There is this about Nicaragua: it has lakes, it has volcanoes, and it has waves. Or so I've been told. About the waves, I mean. Driving northwest through the capital of Managua on what a battered street sign tells me is the Pan American Highway, which, if I cared to, I could take all the way from this point in Central America, up through El Salvador, Honduras, Guatemala, Mexico at Calexico then up to Palm Springs (and on to Alaska or south to Patagonia, so they say) I can verify the lake and volcano part. Though we ran quickly out of the city, me and three young surfers in a Toyota 4-wheel drive pickup with board bags piled high in the bed, navigating the honking rush of traffic and whirling roundabouts, bargaining with dirty-nosed street vendors hawking cashews, cellophane-bagged water and cell-phone car mounts at every semaphoro, breathing in the steaming, acrid stink of what is also known as Novia del Xolotolon, this scruffy city of 100,000,000 on the southern shore of Lake Managua, the country's two most renowned characteristics were soon revealed. There was the namesake lake, just a patch of muddy water compared to the vast, 8030 square miles of Lake Nicaragua to the south, and there, on the northeastern shore, was a volcano, Mt. Momotombo, rising up out of the western green lowlands in a perfect cone, impossibly triangular against the denim blue sky, wisps of gauzy white clouds obscuring its peak. No mere ancient core, Momotombo appeared very authentic, very volcano-like, in full possession of its geological faculties. While having last erupted in 1905, scientists who monitor this sort of thing report that as of late Momotombo's gas emissions have turned black. I assume that's bad news.

The emissions problem in the cramped cab of the Toyota wasn't nearly so bad. These, after all, were New Age pros I was traveling with, all three sponsored by Quiksilver, our host on this Centroamerican surfari, all three very courteous, very focused: Josh Hoyer, 26, from Newport Beach, an aerial specialist, the word is. Evan Valiere from Kauai, 19, son of legendary '70s surf traveler Steven Valiere; goofy-foot, fearless at Pipe, cheerful as a lab puppy. And Dylan Graves, 17, from Isabela, Puerto Rico and another second-generation surf star, son of East Coast pioneer Lewis Graves. Elfin, shaggy surfer hair hanging over his ears; a preternaturally stylish regular foot. Good kids, loading up their own board bags at the airport and taking their seats in the truck, getting out their Mp3s and Gameboys, Hoyer with a copy of Tolkien's The Fellowship of the Ring. Not the kind of guys who while driving across Nicaragua with an editor from SURFER would likely lift a cheek and giggle in the crowded cab, but who don't ask a whole lot of questions either. Which was odd, considering none of them had any idea where they were going.

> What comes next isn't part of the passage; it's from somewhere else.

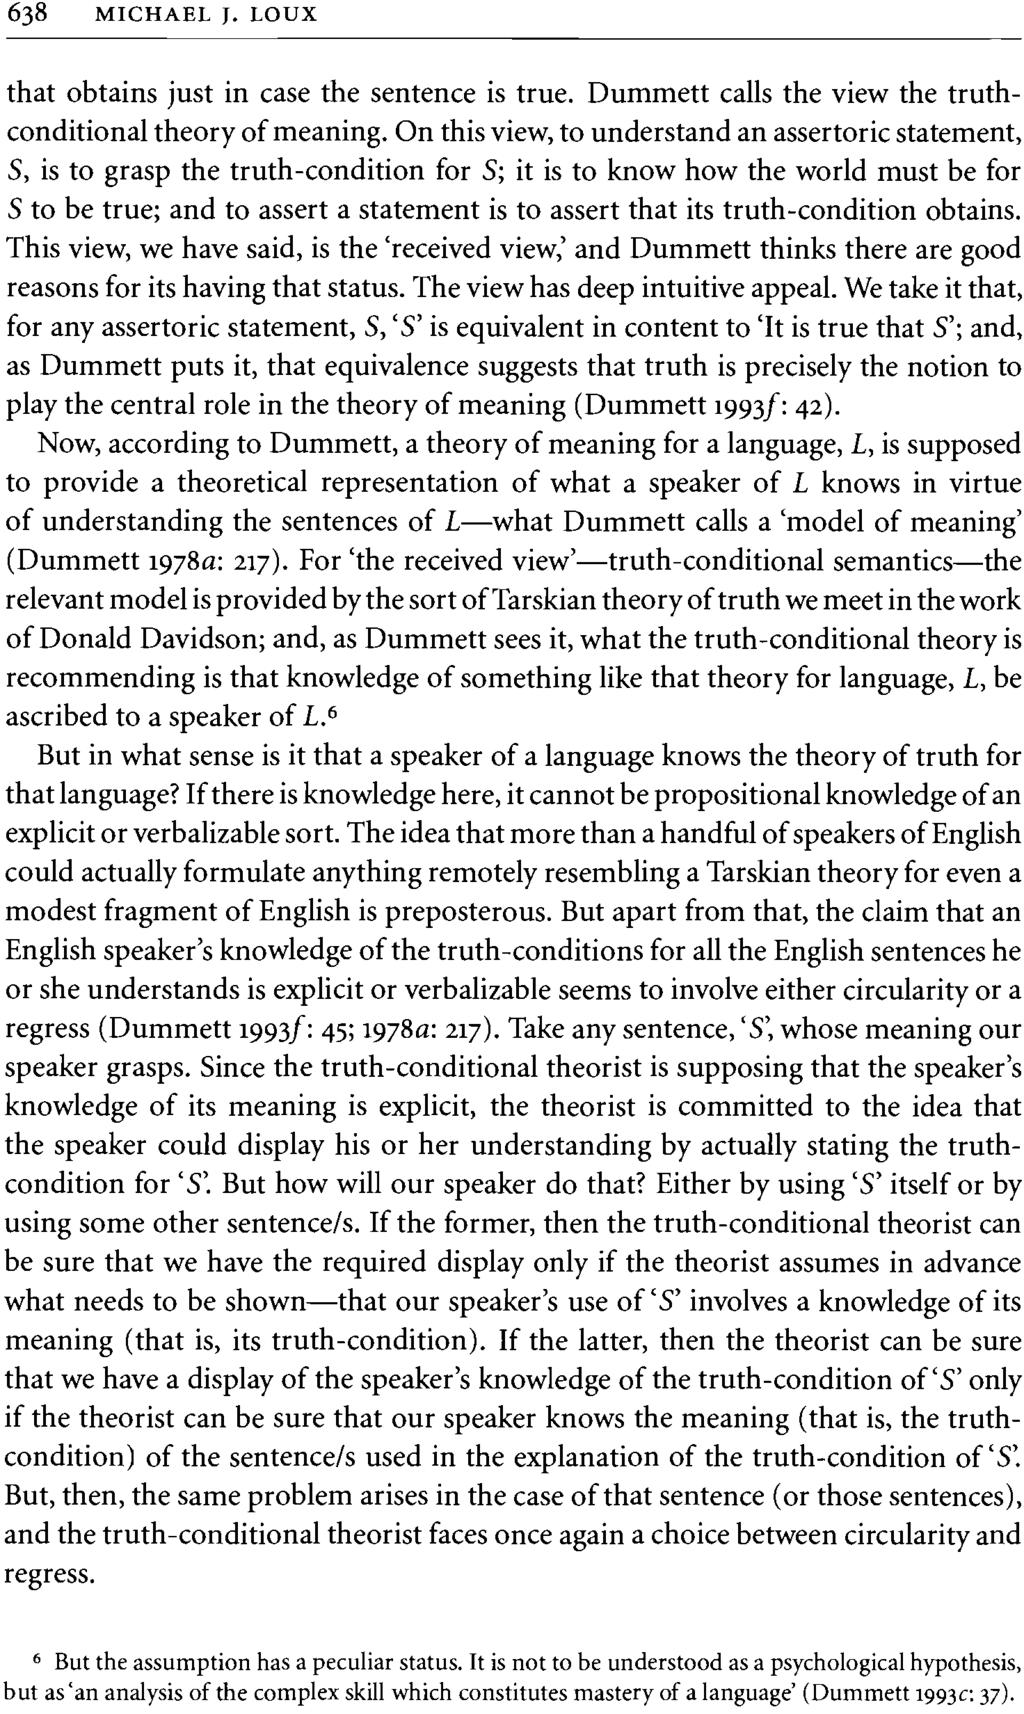 638 MICHAEL J. LOUX that obtains just in case the sentence is true. Dummett calls the view the truthconditional theory of meaning.

Then again, neither did I.

Only two weeks earlier I had been sitting in the SURFER offices, braying at Martin Daly, the legendary surf explorer and skipper of the equally legendary Indies Trader, the storied mother ship of The Quiksilver Crossing. This incredibly ambitious, corporately funded expedition has spent the last four years wandering around our watery planet-to the tune of 70,000 miles and change-looking for surf.

Daly was in the SURFER office to tell me that during the Central American leg of the Indies Trader's Northern Hemisphere voyage they had come across a very promising point break And would we be interested in sending a photographer down along with a few of their team members to document it. The only hitch: no telling where.